L'invention concerne un système, un procédé et un appareil de journalisation de données à l'aide d'une ingénierie de systèmes basée sur un modèle. Un système comprend un circuit de traitement présentant un ou plusieurs dispositifs de mémoire couplés à un ou plusieurs processeurs.

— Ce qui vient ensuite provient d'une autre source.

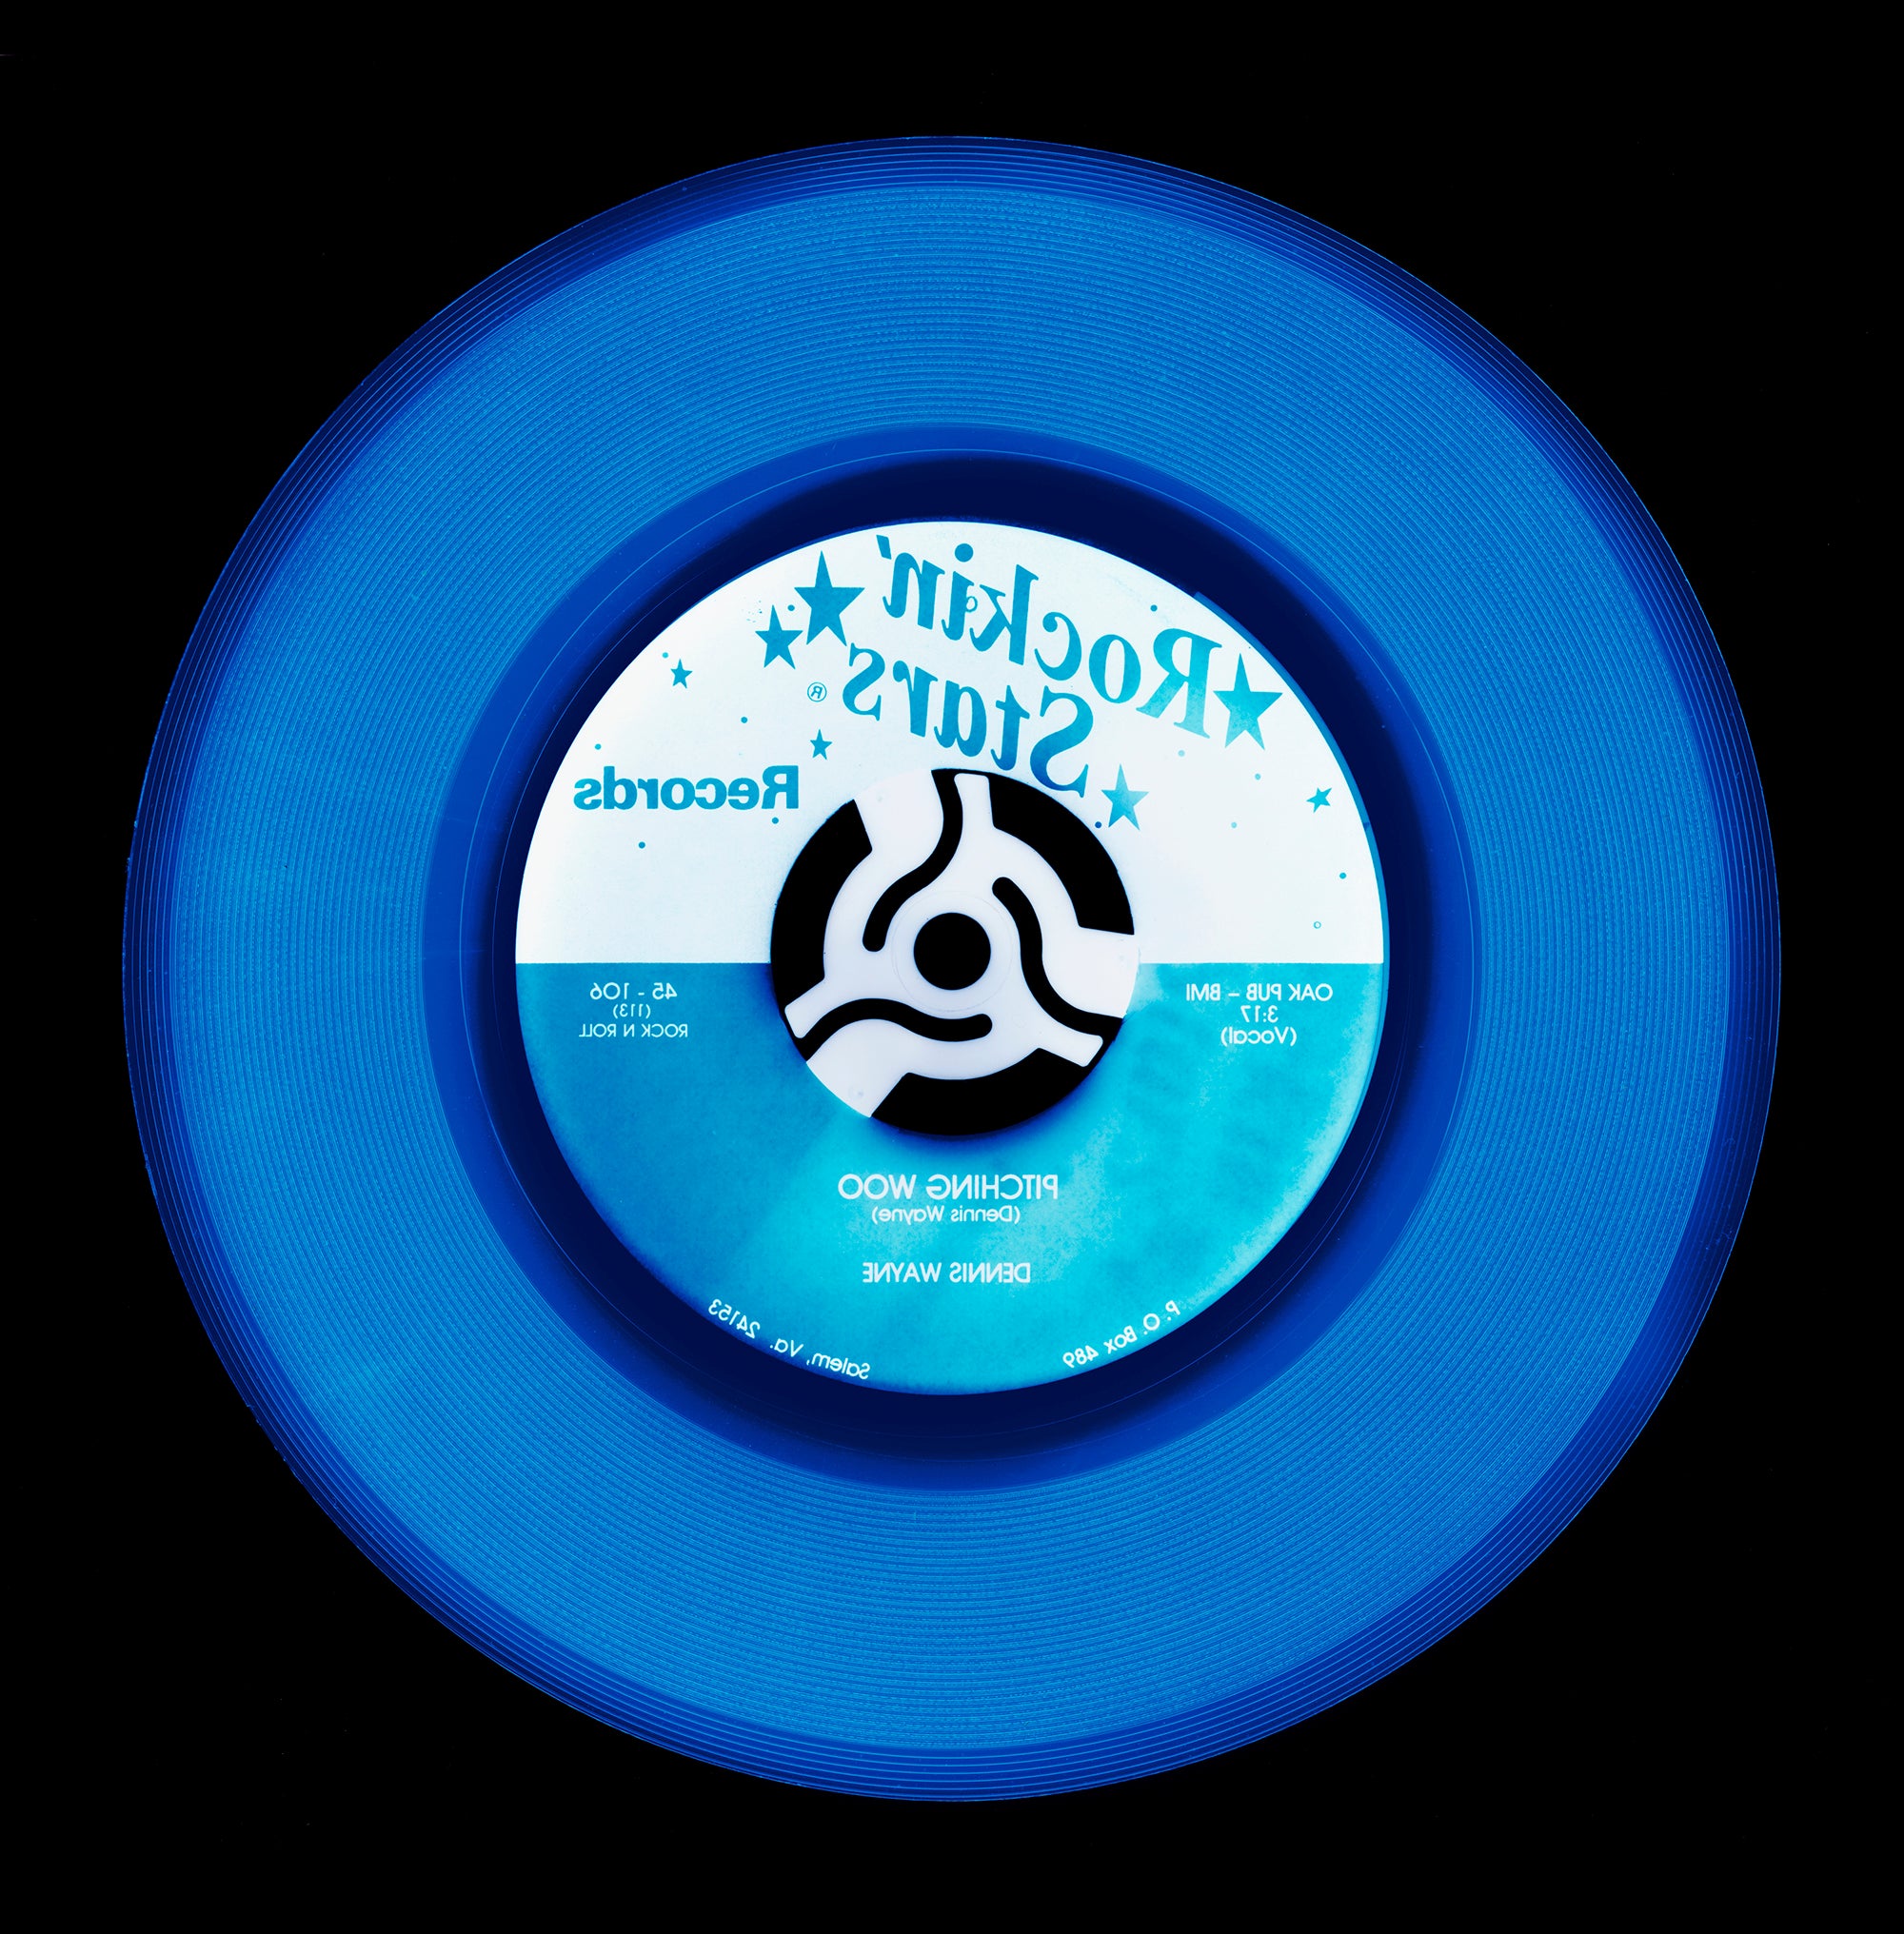 Photograph by Natasha Heidler and Richard Heeps.  A denim blue record with darker blue grooves and the record label is half white, half blue with writing in the opposite blue and white.  This vinyl sits on a black background.
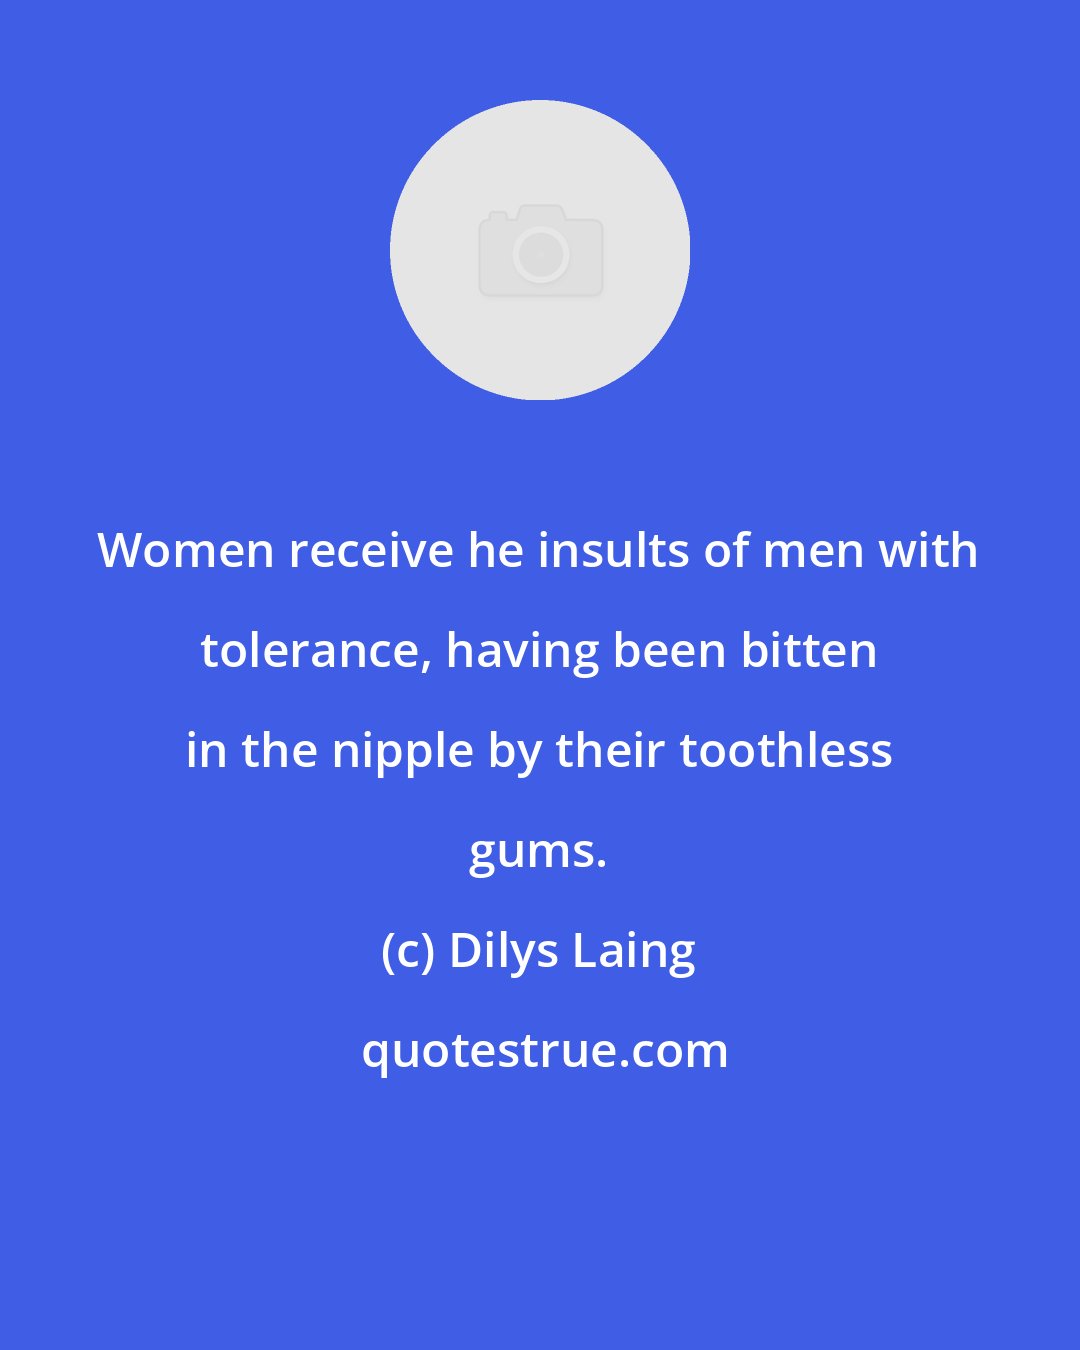 Dilys Laing: Women receive he insults of men with tolerance, having been bitten in the nipple by their toothless gums.

Lesdits un ou plusieurs dispositifs de mémoire sont conçus pour stocker des instructions qui, lorsqu'elles sont exécutées par lesdits un ou plusieurs processeurs, amènent le circuit de traitement à : recevoir une indication d'une défaillance d'un véhicule ; sélectionner, à l'aide d'un modèle correspondant à la défaillance, un ensemble de paramètres associés à la défaillance ; transmettre, au véhicule, l'ensemble sélectionné de paramètres pour la surveillance ; recevoir, en provenance du véhicule, des données concernant l'ensemble de paramètres surveillés pendant une période prédéfinie ; et à stocker les données dans lesdits un ou plusieurs dispositifs de mémoire pour diagnostiquer la défaillance.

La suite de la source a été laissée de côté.